- Born: October 21, 1938 (age 87) Neodesha, Kansas, United States
- Education: University of Kansas University of Wyoming
- Occupation: Scientist
- Known for: Quantitative modeling in geology
- Awards: Krumbein Medal Haidinger Medal
- Scientific career
- Workplaces: Kansas Geological Survey Montanuniversität Leoben Heinemann Oil GmbH

= John Clements Davis =

American geologist

John Clements Davis (born October 21, 1938) is an American geologist best known for his research in the application of statistics to geology. He spent almost his entire professional career with the Kansas Geological Survey, being an Emeritus Scientist since 2003. He then served as Univ-Prof of Reservoir Characterization at the Montanuniversität in Leoben, Austria and is now Chief Geologist for Heinemann Oil GmbH in Austria.

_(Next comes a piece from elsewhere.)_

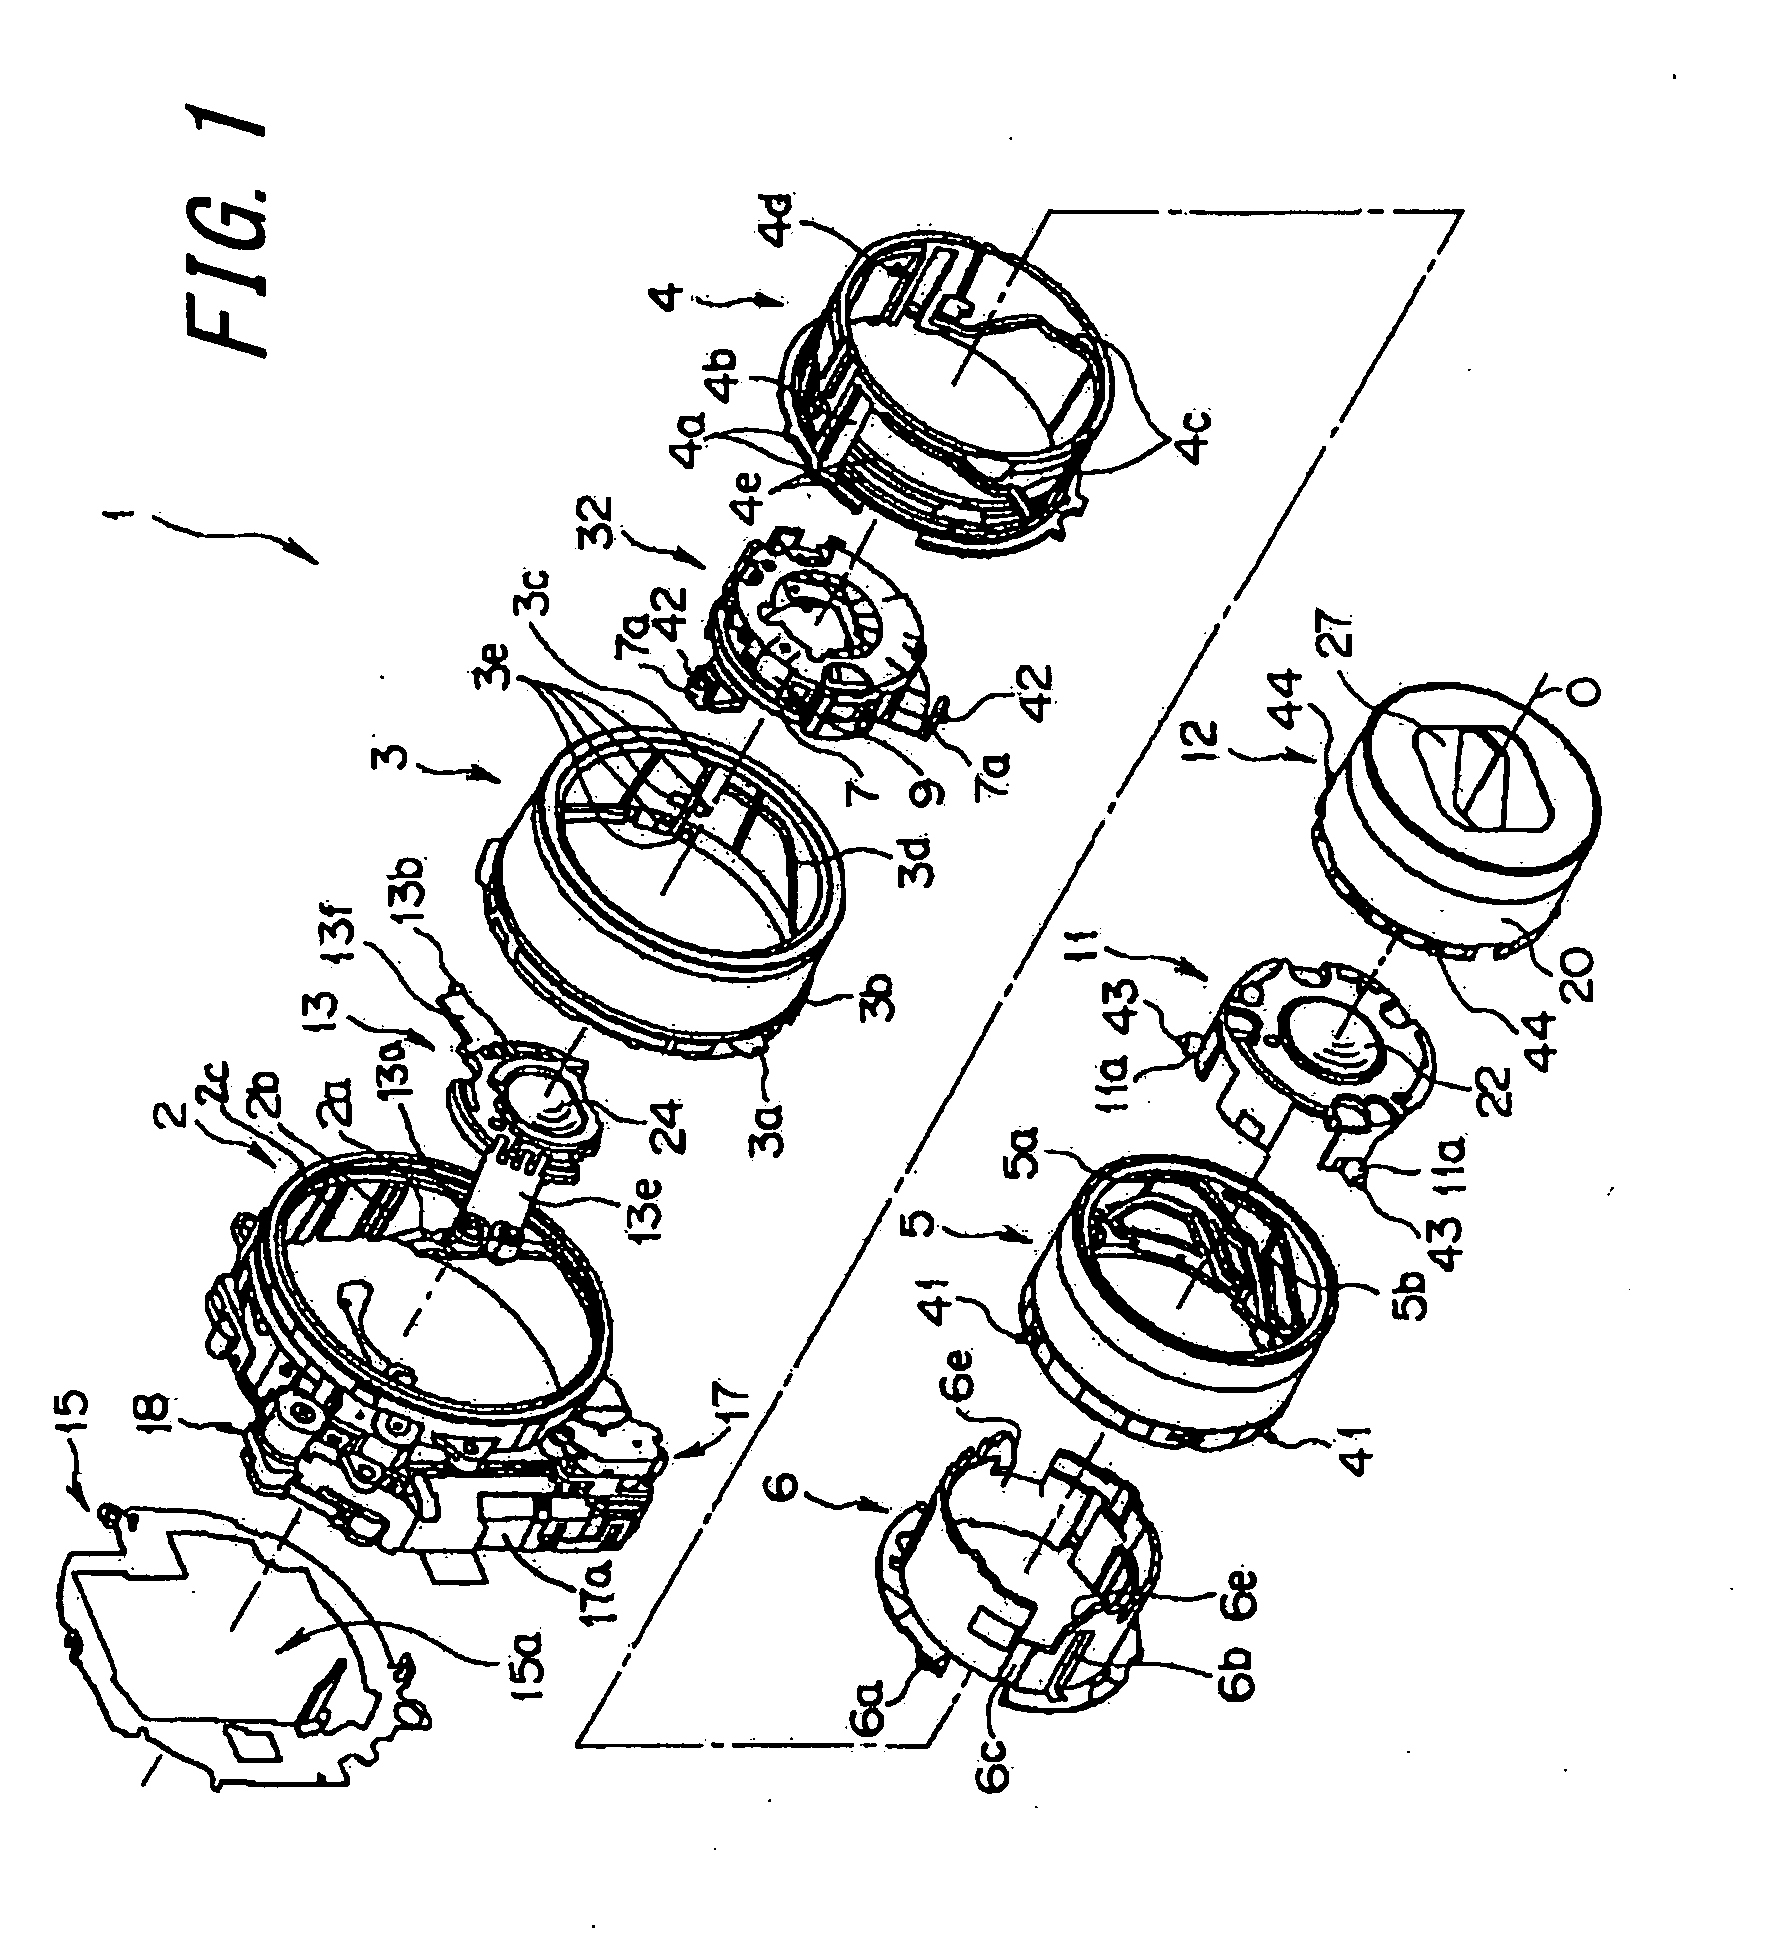 Lens barrel and electron imaging device using the same

Davis has been a member of several professional societies, most active in the International Association for Mathematical Geosciences, where he was Editor of the Newsletter (1973–1989), Western Treasurer (1972–1980), Secretary General (1980–1984), President (1984–1989) and Distinguished Lecturer (2002). The Association acknowledged his valuable contributions to the organization and science by presenting him with the Krumbein Medal. Davis also received the Haidinger Medal from the Geologische Bundesanstalt for his contributions to mathematical geology.

==Education==
- Ph.D. in geology, University of Wyoming, 1967
- M.S. in geology, University of Wyoming, 1963
- B.S. in geology, University of Kansas, 1961

==Books==
- John C. Davis (2002). Statistics and Data Analysis in Geology. Wiley & Sons, 3rd edition, 638 p.
- John W. Harbaugh, John C. Davis, Johannes Wendebourg (1995). Computing Risk for Oil Prospects: Principles and Programs. Pergamon, 452 p.
- John C. Davis, Ute C. Herzfeld, eds., (1993). Computers in Geology—25 Years of Progress. Oxford University Press, 298 p.
- John W. Harbaugh, John C. Davis, John Doveton (1977). Probability Methods in Oil Exploration. John Wiley & Sons, 284 p.
- John C. Davis, Michael J. McCullagh, eds., (1975). Display & Analysis of Spatial Data. Wiley & Sons, 378 p.